一种页岩有机孔与无机孔定量表征的方法

doi:10.13809/j.cnki.cn32-1825/te.2020.01.005

摘要/Abstract

摘要：

扫描电镜图像处理后得到的面孔率结果能够有效反映页岩有机质孔隙的发育程度,在统计样本足够大的前提下能够相对准确地定量表征有机质孔隙的规模大小。由于受扫描电镜绝对分辨率的限制,面孔率结果在小于2 nm的孔径范围内低估了有机孔含量,需要通过吸附法得到的孔径分布结果进行校正,再结合TOC和有效孔隙度来计算页岩有机质孔隙度,从而间接得到有机孔和无机孔比例。渝东南地区4口页岩气井的数据表明武隆和东胜地区以有机孔为主,底部①至②小层的有机孔比例高,最高可达85.89 %;彭水地区受有机碳控制,有机孔比例不高于20 %;平桥地区有机孔比例在20 %~30 % ,层理缝及纹层构造相对发育,尤其是纹层构造中碎屑颗粒与泥质互层间可能存在的裂隙或粒缘缝对无机孔的贡献较大。有机孔比例主要受有机质丰度与有机质孔隙发育程度的影响,有机孔比例与TOC含量在纵向上的变化规律高度一致。

关键词: 页岩, 孔隙, 有机孔, 无机孔, 定量

Abstract:

The results of surface porosity obtained by scanning electron microscopy image processing can effectively reflect the development degree of shale organic matter pore. On the premise that the statistical sample is large enough, the pore size of organic matter can be quantitatively characterized relatively accurately. Due to the limitation of absolute resolution of scanning electron microscopy, the organic pore content was underestimated in the pore size range of less than 2 nm. The results of pore size distribution obtained by adsorption method need to be corrected. Combined with TOC and effective porosity, the porosity of shale organic matter can be calculated, and the proportion of organic and inorganic pore can be obtained indirectly. The data of 4 shale gas wells in southeastern Chongqing show that organic pore is the main type in Wulong and Dongsheng area, and the proportion of organic pore in bottom layer（① to ②） is high, up to 85.89 %. Pengshui area is controlled by organic carbon, and the proportion of organic pore is not more than 20 %. The organic pore proportion in Pingqiao area ranges from 20 % to 30 %, and the bedding fissures and laminar structures are relatively developed, especially the possible fissures or grain margin fissures between clastic particles and muddy interbeds in laminar structures contribute greatly to the inorganic pore. The proportion of organic pore is mainly affected by the abundance of organic matter and the degree of pore development of organic matter. The ratio of organic pore is highly consistent with the variation of TOC content in the vertical direction.

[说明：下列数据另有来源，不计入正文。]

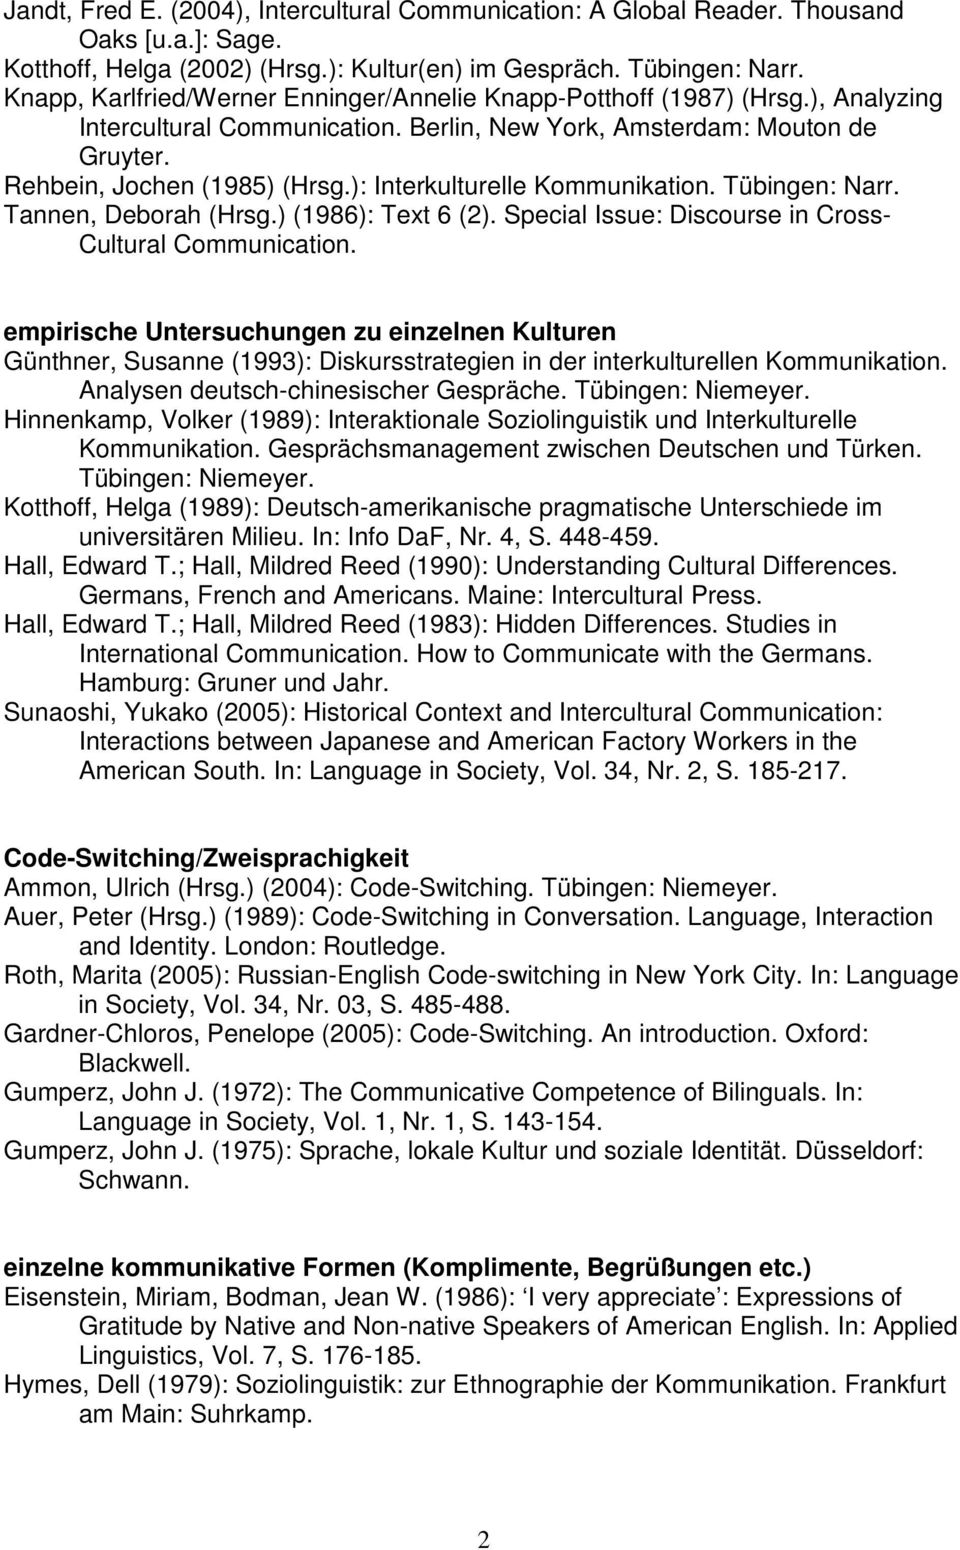 ): Interkulturelle Kommunikation. Tübingen: Narr. Tannen, Deborah (Hrsg.) (1986): Text 6 (2). Special Issue: Discourse in Cross- Cultural Communication.

Key words: shale, pore, organic pore, inorganic pore, quantify

中图分类号:

TE135

蔡潇,靳雅夕,叶建国,彭柳,孙婧榕,朱一川. 一种页岩有机孔与无机孔定量表征的方法[J]. 油气藏评价与开发, 2020, 10(1): 30-36.

CAI Xiao,JIN Yaxi,YE Jianguo,PENG Liu,SUN Jingrong,ZHU Yichuan. A quantitative characterization method for organic and inorganic pores in shale[J]. Reservoir Evaluation and Development, 2020, 10(1): 30-36.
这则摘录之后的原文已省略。